ASSIGNMENT: Write out exactly, with no other output, the lines below from the one that contains "Blühender Baum im" through the end.

☆ ☆ ☆ ☆

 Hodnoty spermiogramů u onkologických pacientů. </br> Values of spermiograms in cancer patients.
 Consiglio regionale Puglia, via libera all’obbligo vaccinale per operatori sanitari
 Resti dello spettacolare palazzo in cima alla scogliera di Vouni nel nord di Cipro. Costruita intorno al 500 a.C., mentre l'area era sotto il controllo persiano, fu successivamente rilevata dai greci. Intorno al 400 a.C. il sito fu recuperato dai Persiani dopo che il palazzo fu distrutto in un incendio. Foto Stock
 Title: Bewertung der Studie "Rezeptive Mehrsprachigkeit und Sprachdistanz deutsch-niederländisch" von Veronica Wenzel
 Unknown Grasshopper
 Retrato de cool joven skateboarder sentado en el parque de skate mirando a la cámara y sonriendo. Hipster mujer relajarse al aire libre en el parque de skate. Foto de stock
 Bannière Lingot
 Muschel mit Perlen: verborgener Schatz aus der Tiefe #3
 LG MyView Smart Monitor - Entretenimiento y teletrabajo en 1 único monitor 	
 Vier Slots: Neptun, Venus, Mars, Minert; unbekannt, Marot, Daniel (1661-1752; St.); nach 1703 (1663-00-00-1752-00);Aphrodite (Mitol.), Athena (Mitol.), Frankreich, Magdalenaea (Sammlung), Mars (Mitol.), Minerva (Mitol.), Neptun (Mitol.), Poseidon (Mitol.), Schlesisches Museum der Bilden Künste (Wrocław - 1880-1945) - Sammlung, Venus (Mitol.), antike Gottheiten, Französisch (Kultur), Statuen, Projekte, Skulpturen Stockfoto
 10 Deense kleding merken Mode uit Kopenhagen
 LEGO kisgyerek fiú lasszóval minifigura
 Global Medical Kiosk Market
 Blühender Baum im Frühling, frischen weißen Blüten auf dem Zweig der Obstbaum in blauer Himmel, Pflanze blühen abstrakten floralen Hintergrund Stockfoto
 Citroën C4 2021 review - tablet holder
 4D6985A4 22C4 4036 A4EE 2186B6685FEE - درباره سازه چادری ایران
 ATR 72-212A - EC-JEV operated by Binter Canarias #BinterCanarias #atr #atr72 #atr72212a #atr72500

☆ ☆ ☆ ☆

THE ANSWER:
 Blühender Baum im Frühling, frischen weißen Blüten auf dem Zweig der Obstbaum in blauer Himmel, Pflanze blühen abstrakten floralen Hintergrund Stockfoto
 Citroën C4 2021 review - tablet holder
 4D6985A4 22C4 4036 A4EE 2186B6685FEE - درباره سازه چادری ایران
 ATR 72-212A - EC-JEV operated by Binter Canarias #BinterCanarias #atr #atr72 #atr72212a #atr72500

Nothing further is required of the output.